Fifth, I feel it is crucial to continue to rail against the collapse of our national institutions: a parliament that has been emasculated and robbed of purpose; a House of Lords that has been missing in action; churches that do not minister to those in need; an education establishment that does not educate; science that has been bought by Big Pharma; journalists who deal only in propaganda; a healthcare system that offers little health and less care – the sedative drug Midazolam, DNAPR (do not attempt cardiopulmonary resuscitation) notices; the poisoning of our children with ‘vaccines’ without full market authorisation, and a police service that does not serve the people.
These British institutions were hard won and their price in our ancestors’ blood and toil was too high to permit them to fall to the criminal New World Order without defence.

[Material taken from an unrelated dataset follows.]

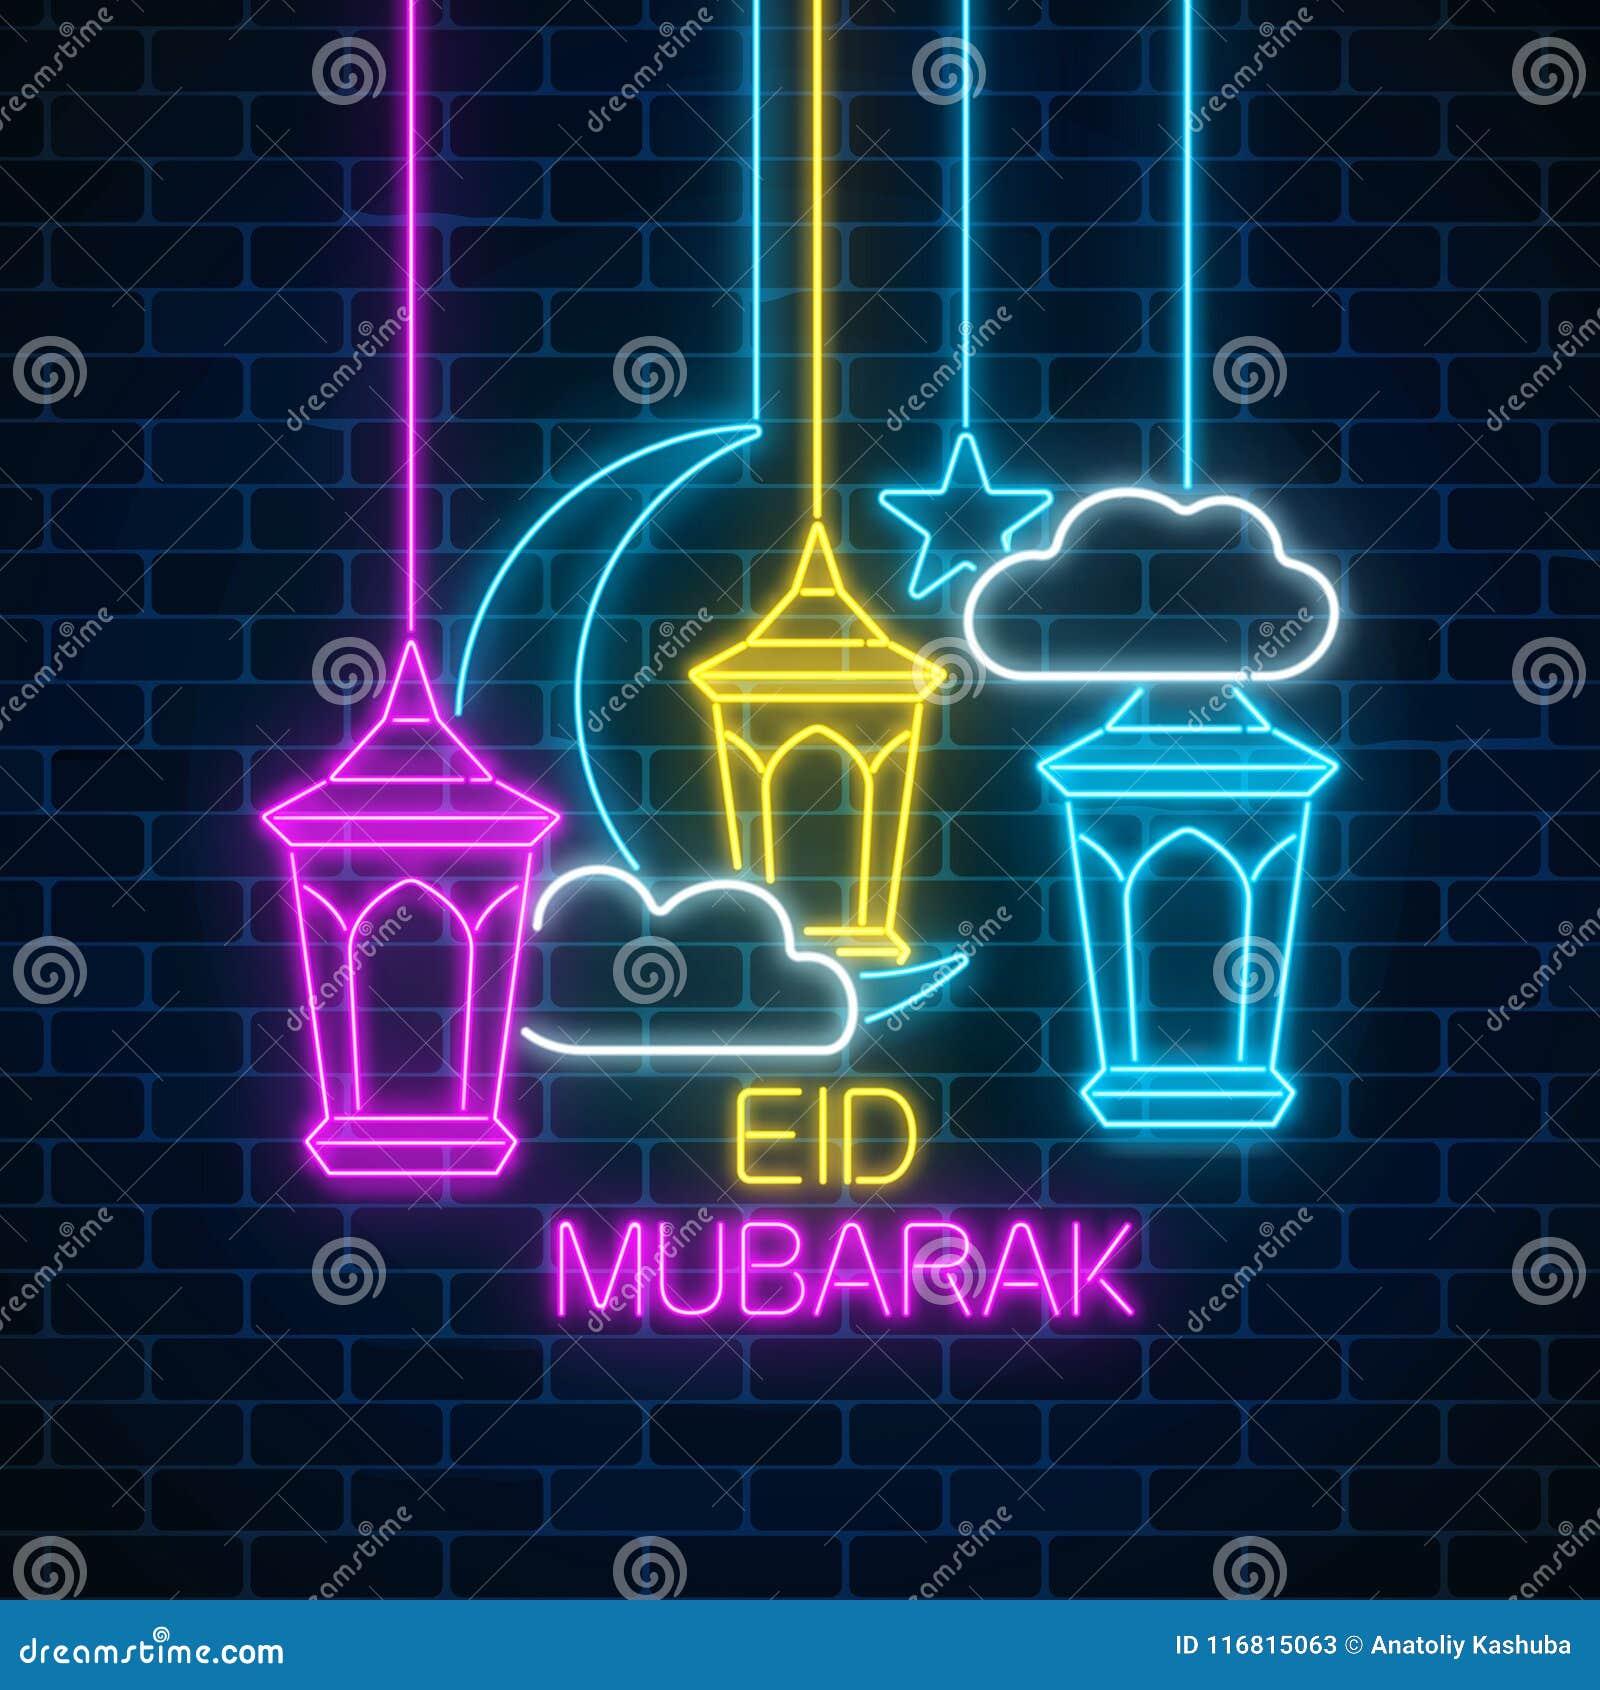 Ramadan Greeting Card With Fanus Lanterns Star And Crescent Eid

Sixth, the US civil rights activist Rosa Parks said: ‘I have learned over the years that when one’s mind is made up, this diminishes fear. Knowing what must be done does away with fear.’ Like Rosa, I have made up my mind – but I remain fearful. I have a husband and adult children making their way through their own lives. I worry about them being tainted by association – about my blighting them – but I am a Scots wildcat and will fight to give them a free and democratic society.
Above all, Ioftenworry that I might be wrong in my judgment and that what I write in public, albeit to a restricted, self-selected, intelligent group, might detract from people’s wellbeing rather than enhance it.
Seventh, I know that I am not Rosa Parks. I have never considered myself to be brave. I love learning and I enjoy a thing done well. Like TCW’s constituents, I am interested in a great many things.
As the Greek poet Archilochus wrote: ‘The fox knows many things, but the hedgehog knows one big thing.’ I am humble enough to recognise the bits and pieces of my knowledge and to appreciate my limits. I leave the ‘one big thing’ to others.
When I make a mistake, which I have done, corrective advice from readers has usually been given in good grace. I am constantly impressed by the range and depth of their knowledge and the many true experts hidden among their number: I thank them for their counsel.
Most of all, the editorial expertise and hard graft of Kathy Gyngell and her TCW colleague Margaret Ashworth have stunned me. I never understood what an editor did before, but they are true alchemists, turning base metal into gold, day after day: they are heroines.
In sum, my effort is a small brick in maintaining our defences against the onslaught of the ‘New Normal’ – a marker signalling ‘this far and no further.’ I speak up because I am compelled so to do and thank TCW for the platform.